Australian High Commissioner, H.E. Neil Hawkins shared lessons from Australia’s climate adaptation efforts, which have seen success through integration of new agriculture technologies. He urged Pakistan to intensify its climate vulnerability advocacy through its embassies abroad and donor support in Islamabad. He recommended the inclusion of the climate minister in Pakistan’s national security committee, mirroring Australia’s approach.

Dr. Abid Suleri, Executive Director SDPI, criticized the dependency of Geneva Pledges on IMF clearance for countries like Pakistan, terming it unfair. He proposed exploring Debt for Nature Swaps as an alternative climate finance method.

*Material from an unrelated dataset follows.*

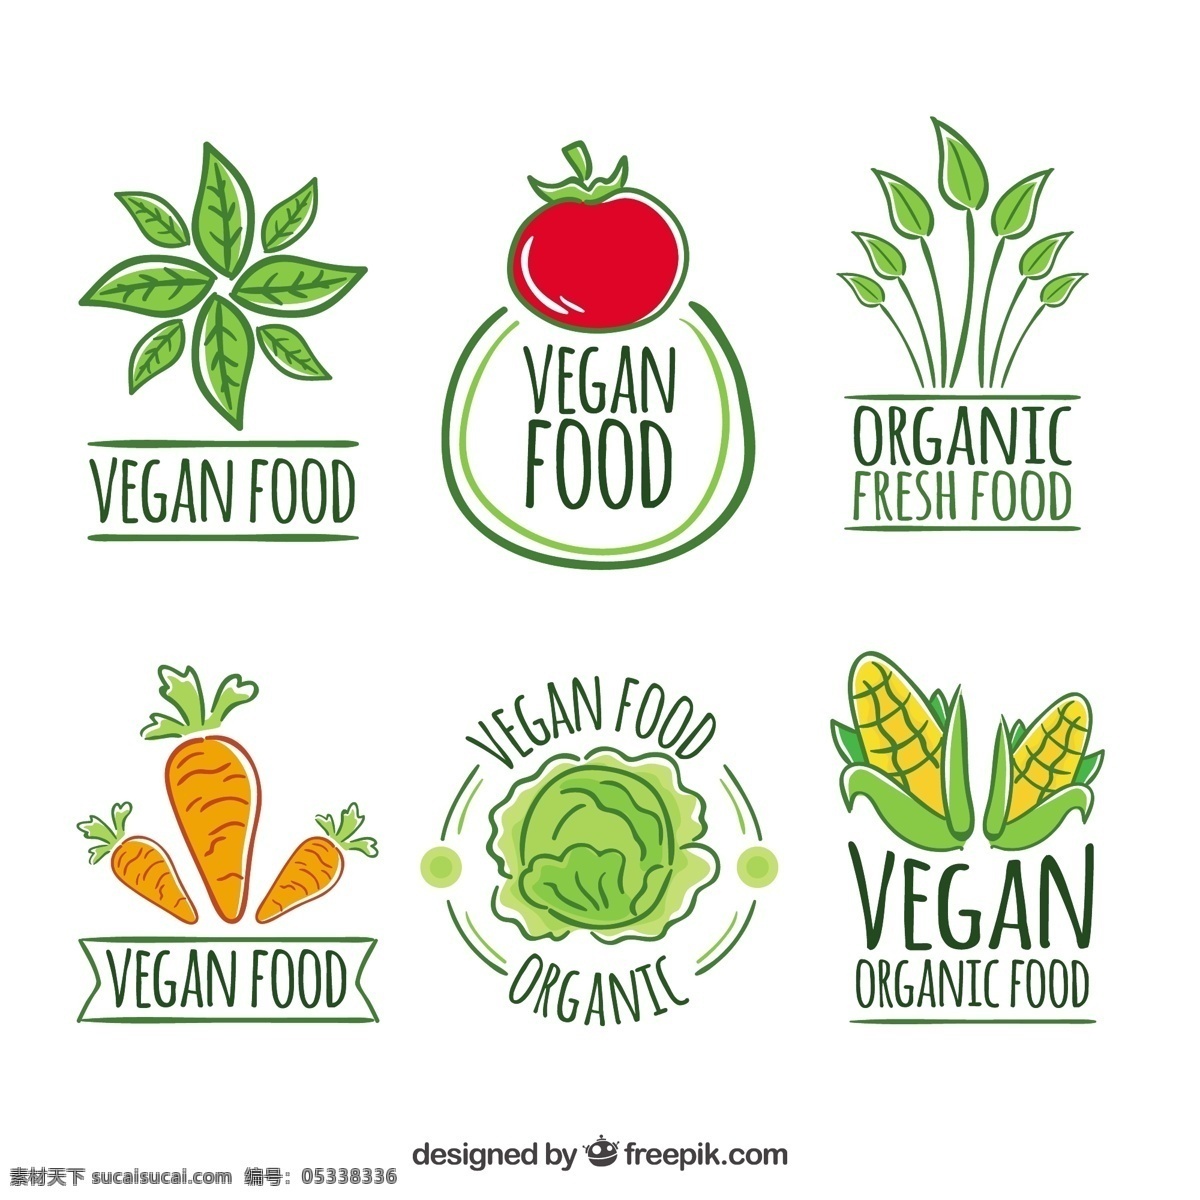 可爱 手绘 素食 餐厅 标志 古董 食品 商业 徽章 手工绘制 水果 蔬菜 标签 生态 企业 有机 公司 品牌 绘图 贴纸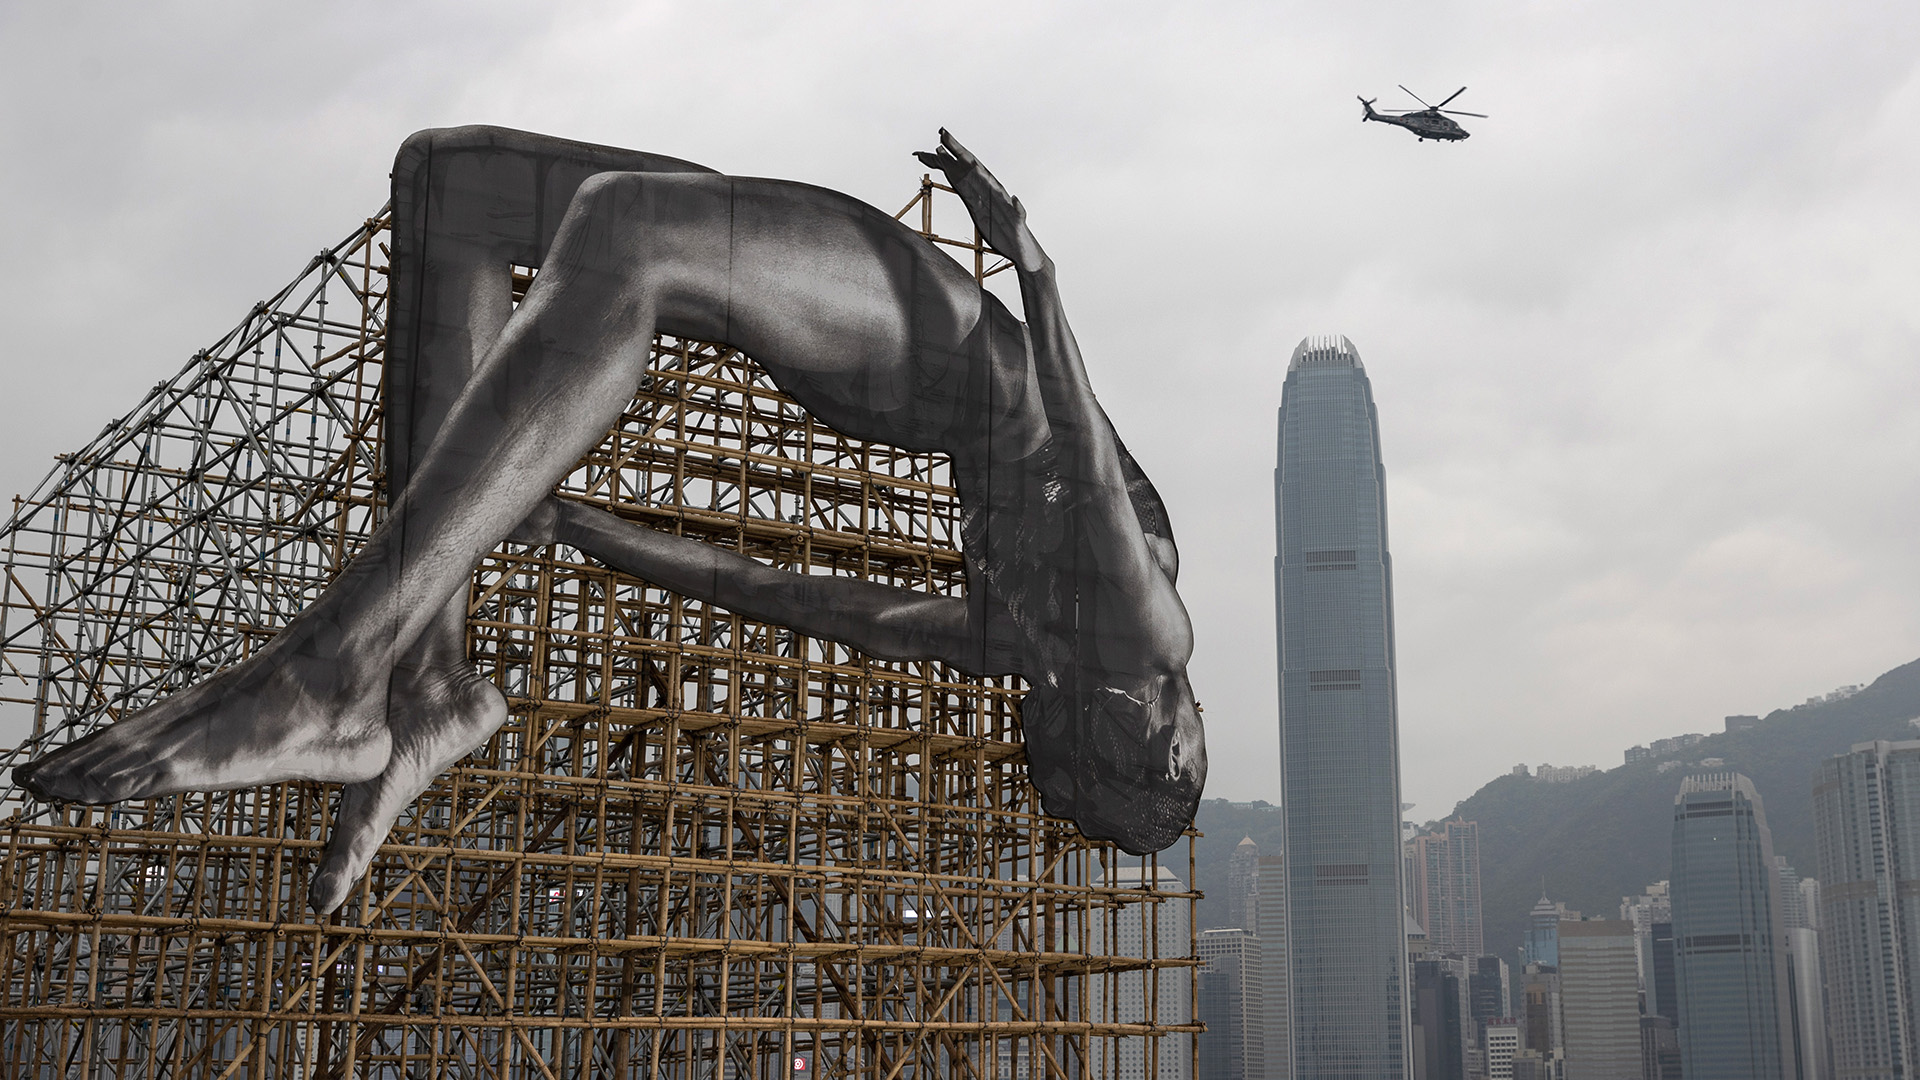 Die Installation "GIANTS: Rising Up" in Hongkong zeigt einen überlebensgroßen Hochspringer | EPA

Climate finance specialist Kashmala Kakakhel encouraged Pakistan to explore profitable avenues in climate finance beyond donor-client setups, emphasizing the potential in carbon trading. Hadika Jamshed, carbon finance specialist, noted the absence of a UNFCCC rulebook on carbon financing, highlighting an opportunity for Pakistan.

Senior economist Ijaz Nabi advocated for stronger academia-government collaboration in climate action and emphasized enhancing governance before seeking climate finance. Ali Tauqeer Sheikh noted the inadequate governmental assessments of development projects, while Amb. Shafqat Kakakhel pointed out the disorganized implementation of climate policies.

Sherry Rehman wrapped up the discussion by stating the need to carry forward the momentum generated at the Centigrade Immersive. She highlighted our collective responsibility to amplify the urgency of the climate crises facing communities in developing nations like Pakistan.

Other participants at the event included World Bank Senior Disaster Risk Management Specialist Ahsan Tehsin, UN Assistant Resident Representative Amir Khan Goraya, Australian First Secretary Danielle Cashen and Head Social & Environmental Policy Habib Bank, Ahmed Saeed.